### THE TASK:
Look through the entries below and copy exactly the part that begins with the line containing "West Lake carp" and ends with the line containing "MNDST. Excuse Business T-Shirt". Do not copy the pictures.

(PROVIDED ENTRIES)

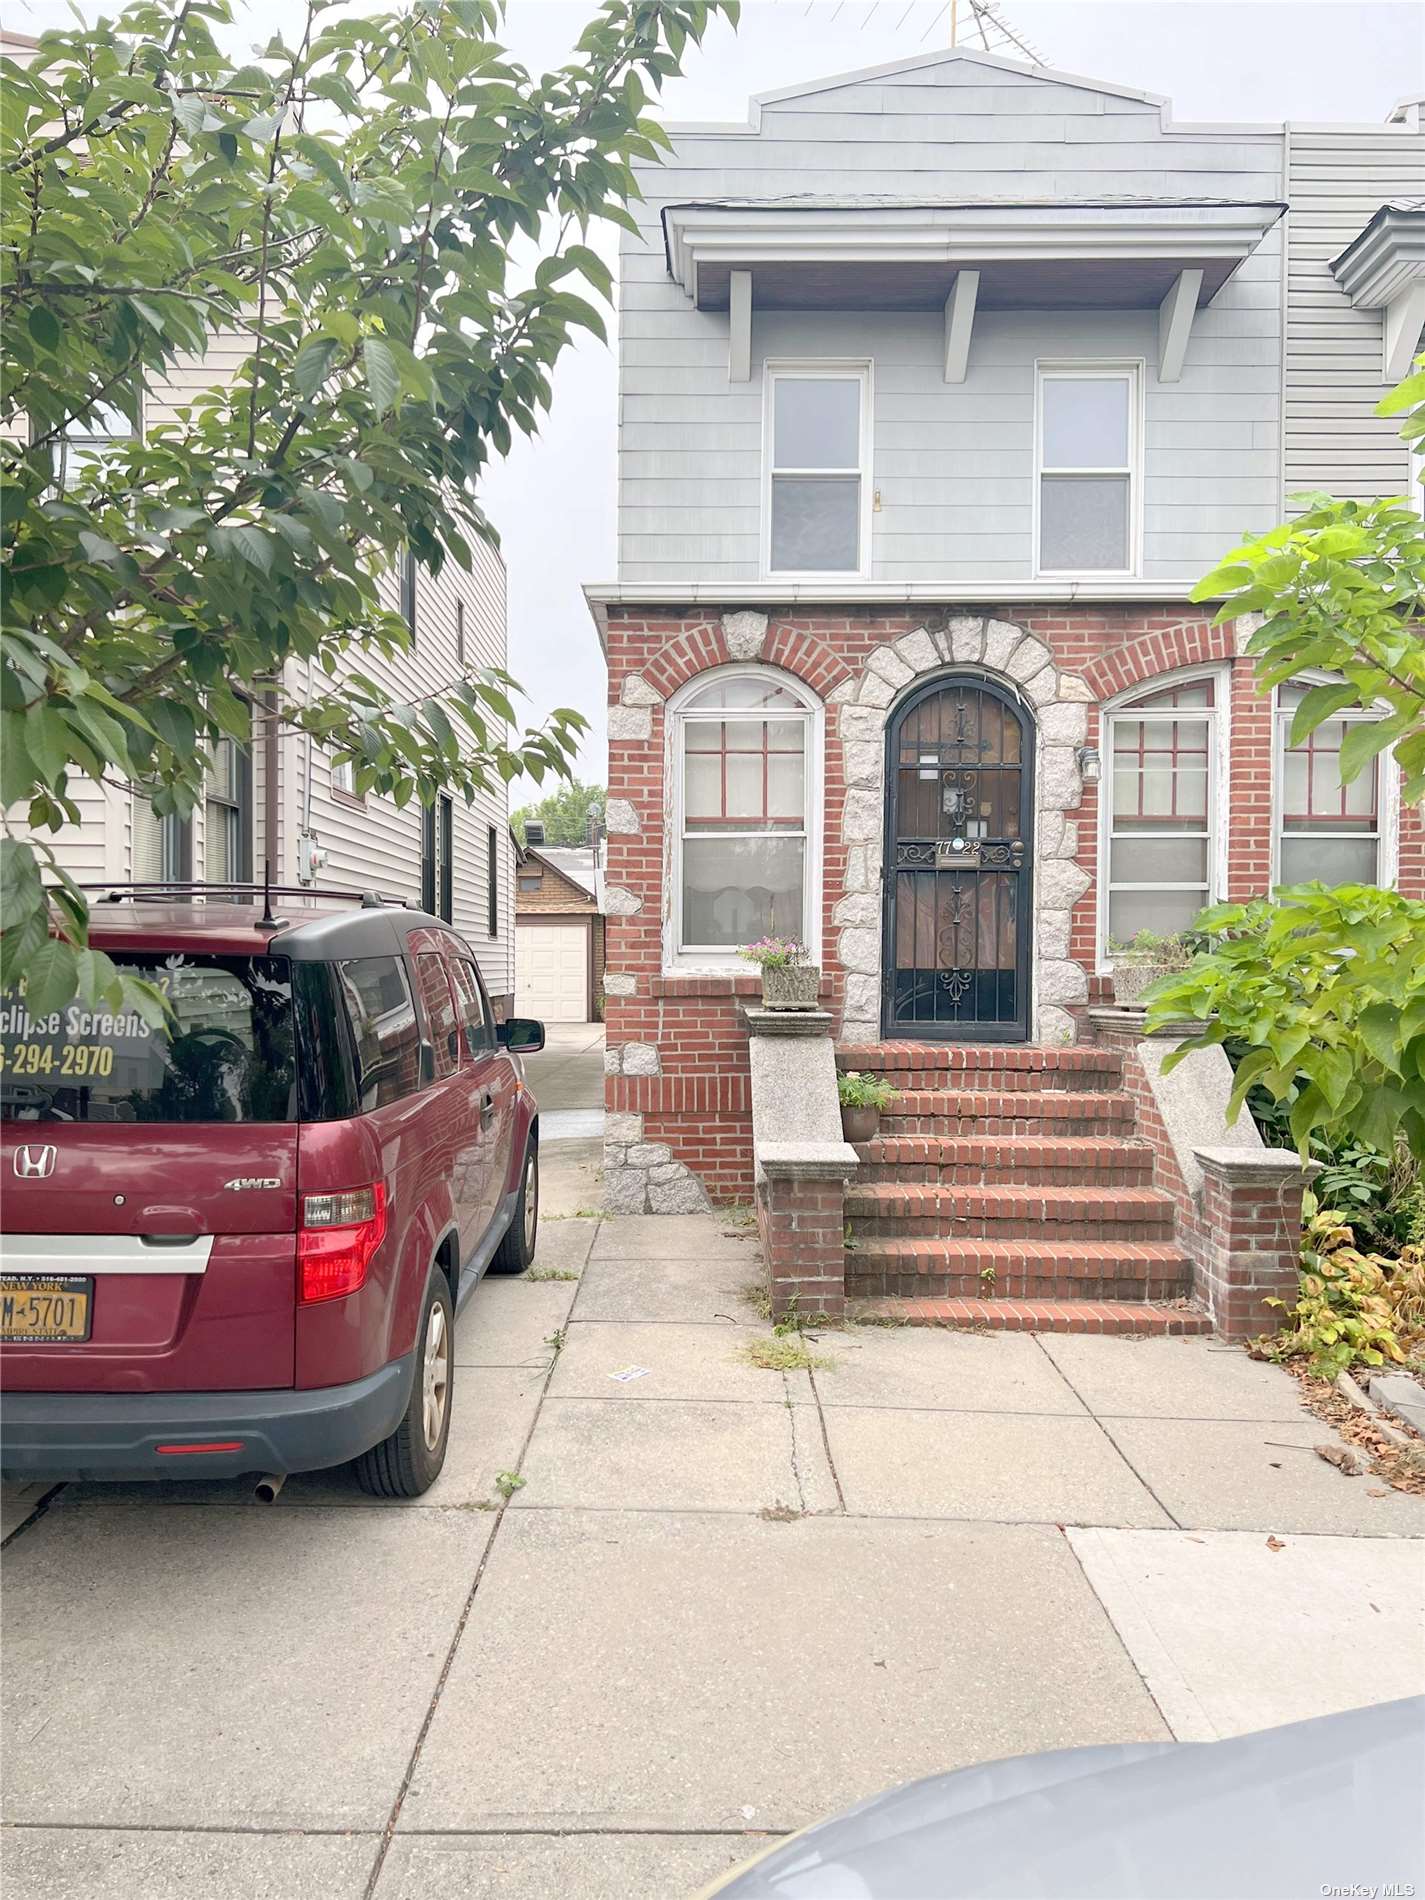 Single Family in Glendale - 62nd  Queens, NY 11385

(End PROVIDED ENTRIES)
(PROVIDED ENTRIES)

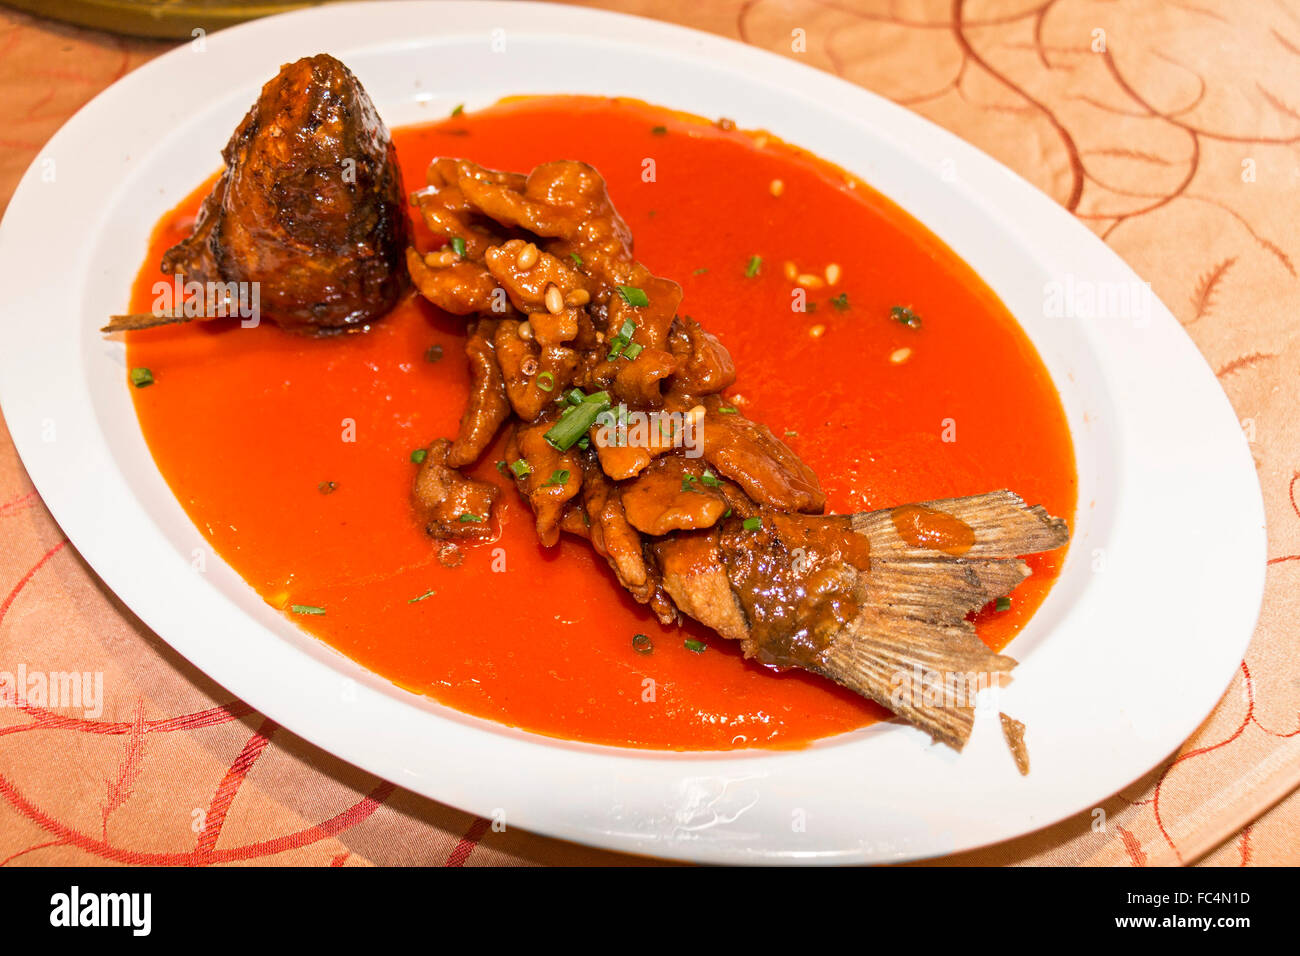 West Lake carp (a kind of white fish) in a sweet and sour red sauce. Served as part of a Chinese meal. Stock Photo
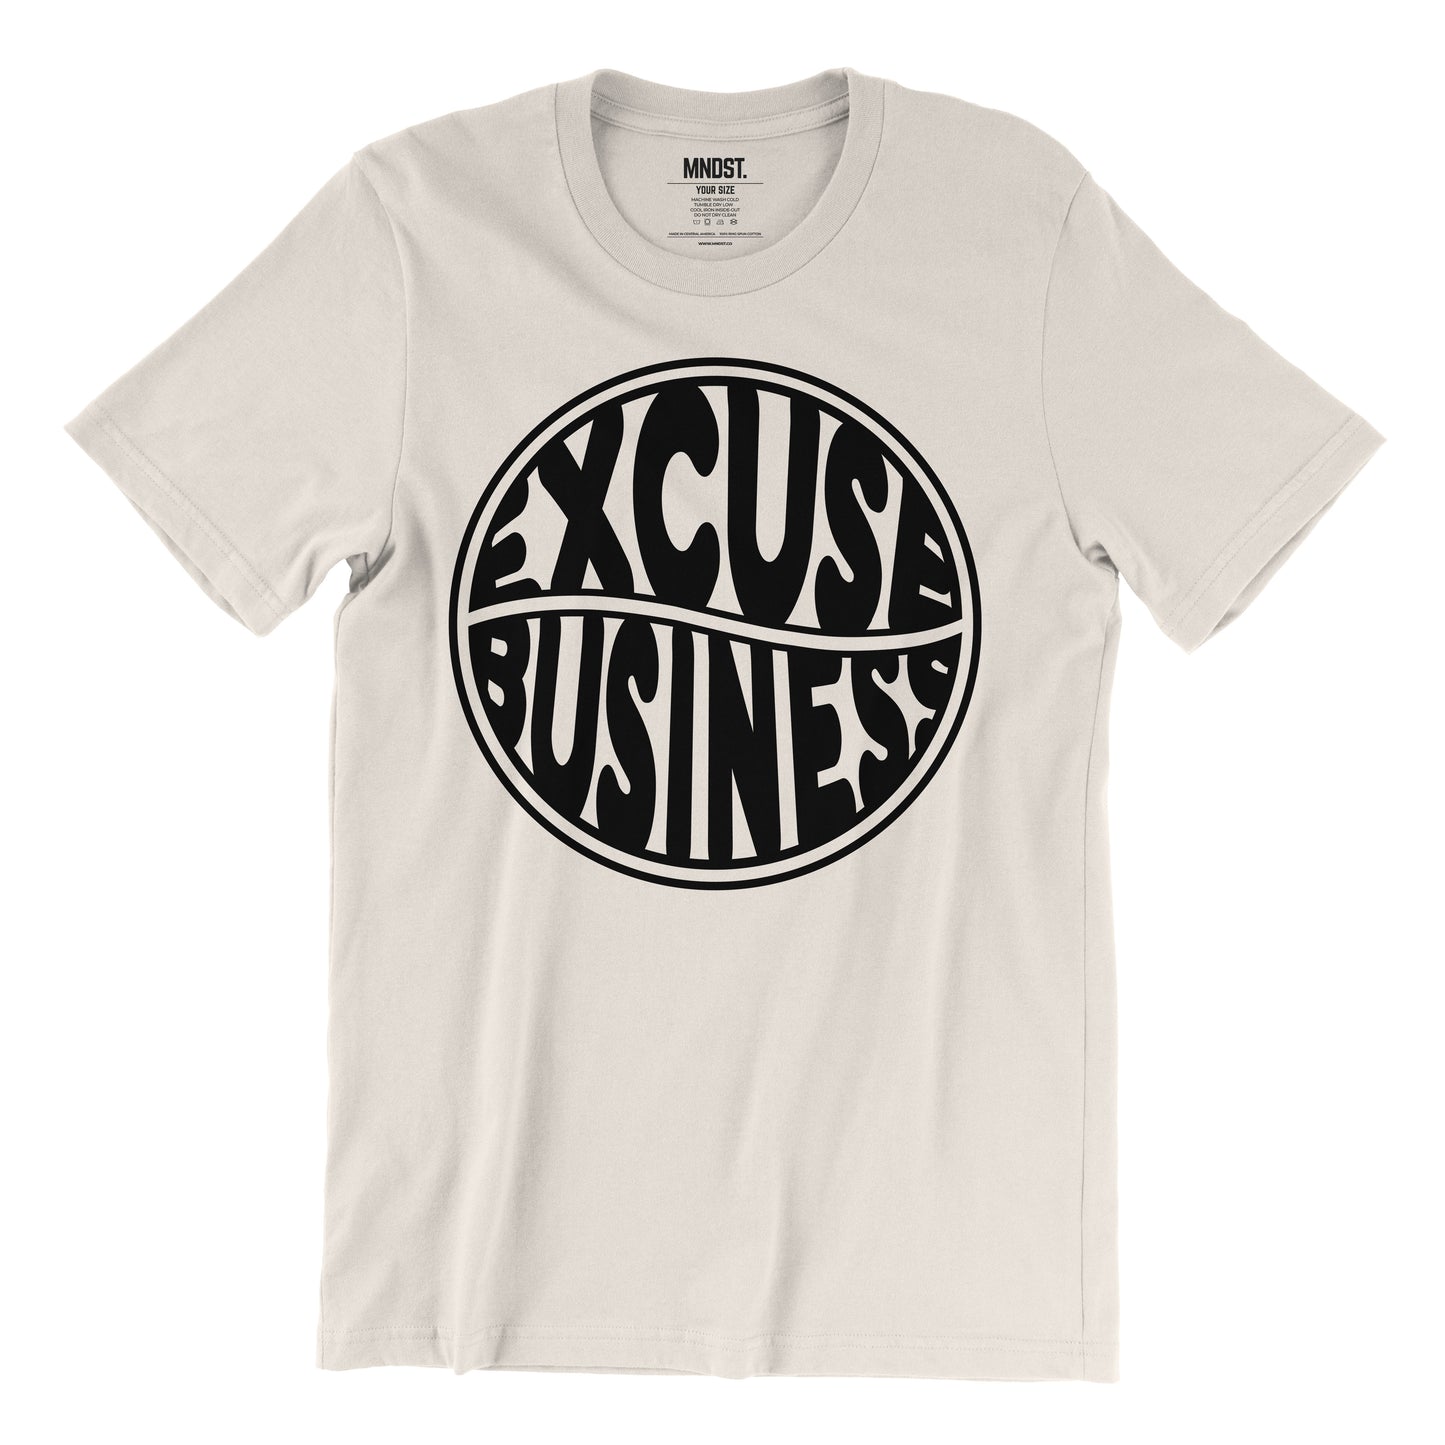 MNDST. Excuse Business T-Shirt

(End PROVIDED ENTRIES)
(PROVIDED ENTRIES)

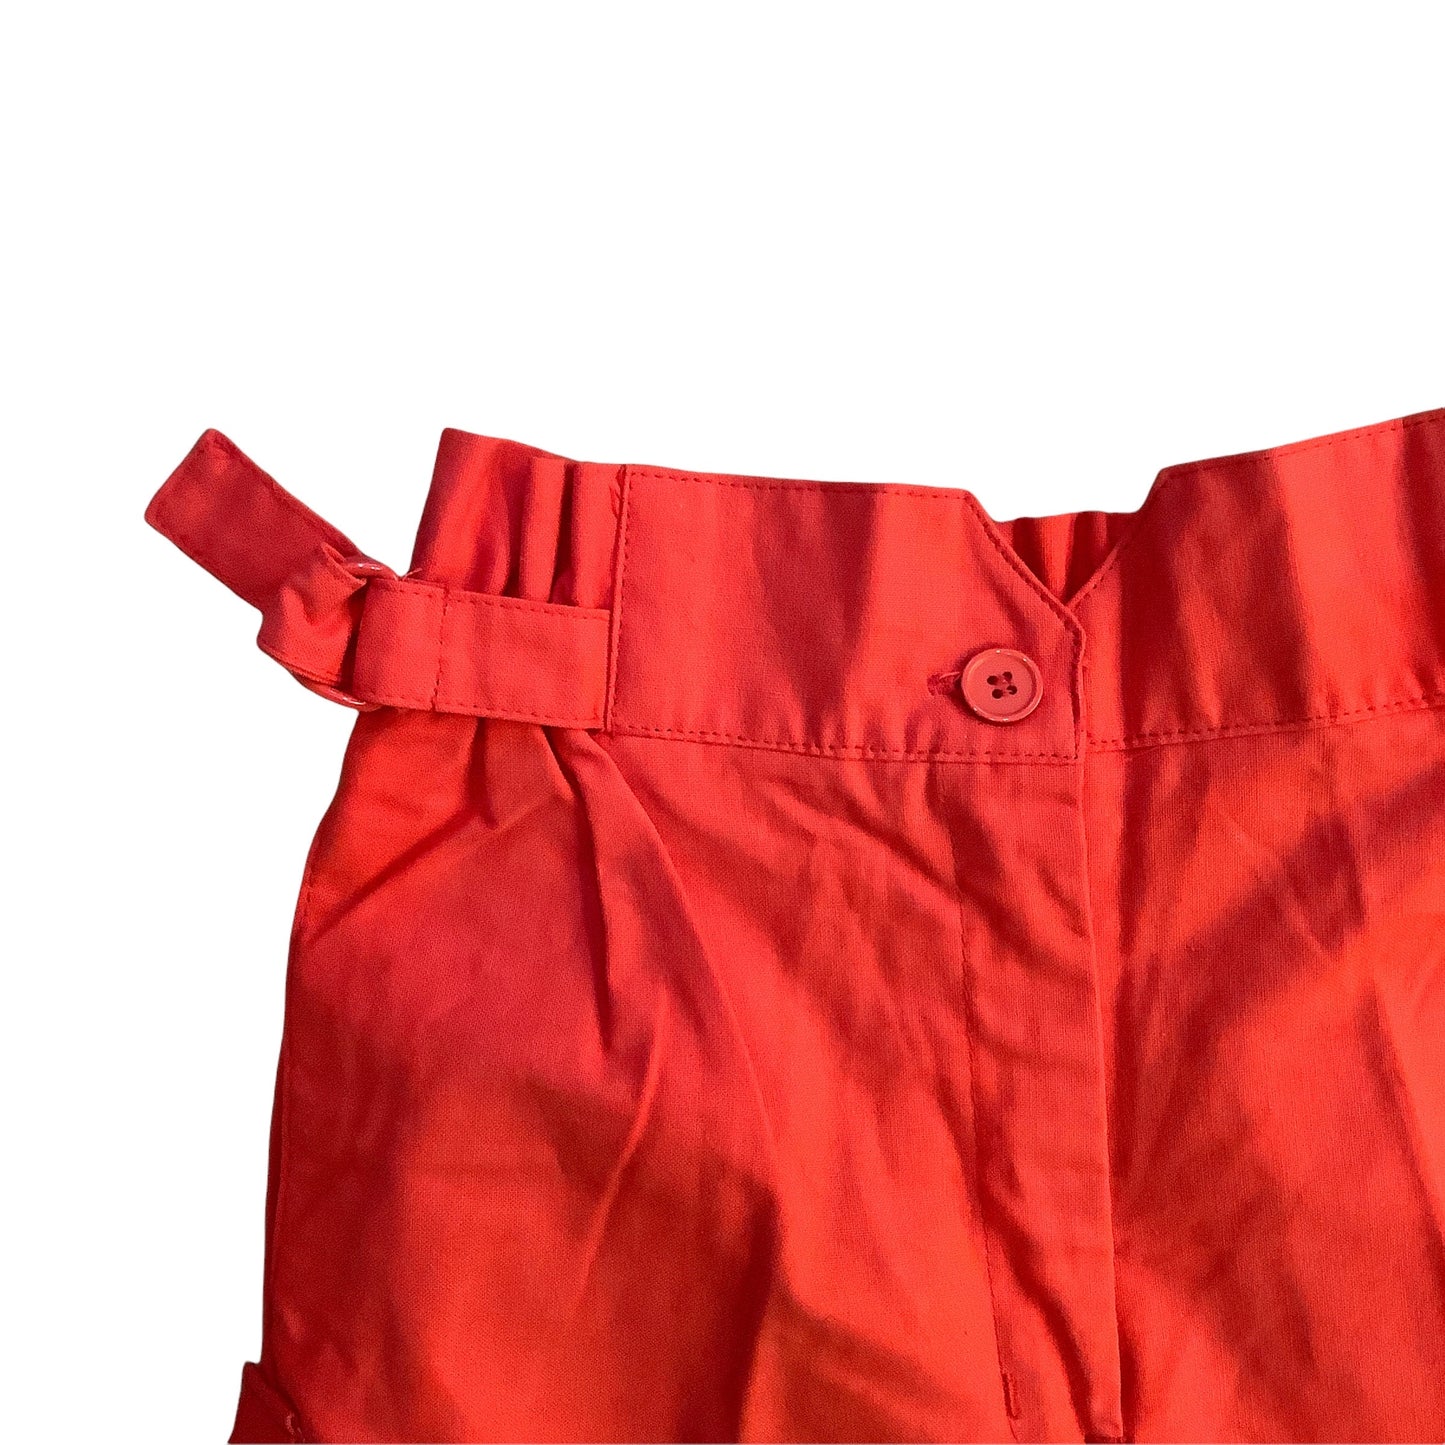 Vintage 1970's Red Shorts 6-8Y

(End PROVIDED ENTRIES)

### RESULT FOR THIS EXERCISE:
 West Lake carp (a kind of white fish) in a sweet and sour red sauce. Served as part of a Chinese meal. Stock Photo
 MNDST. Excuse Business T-Shirt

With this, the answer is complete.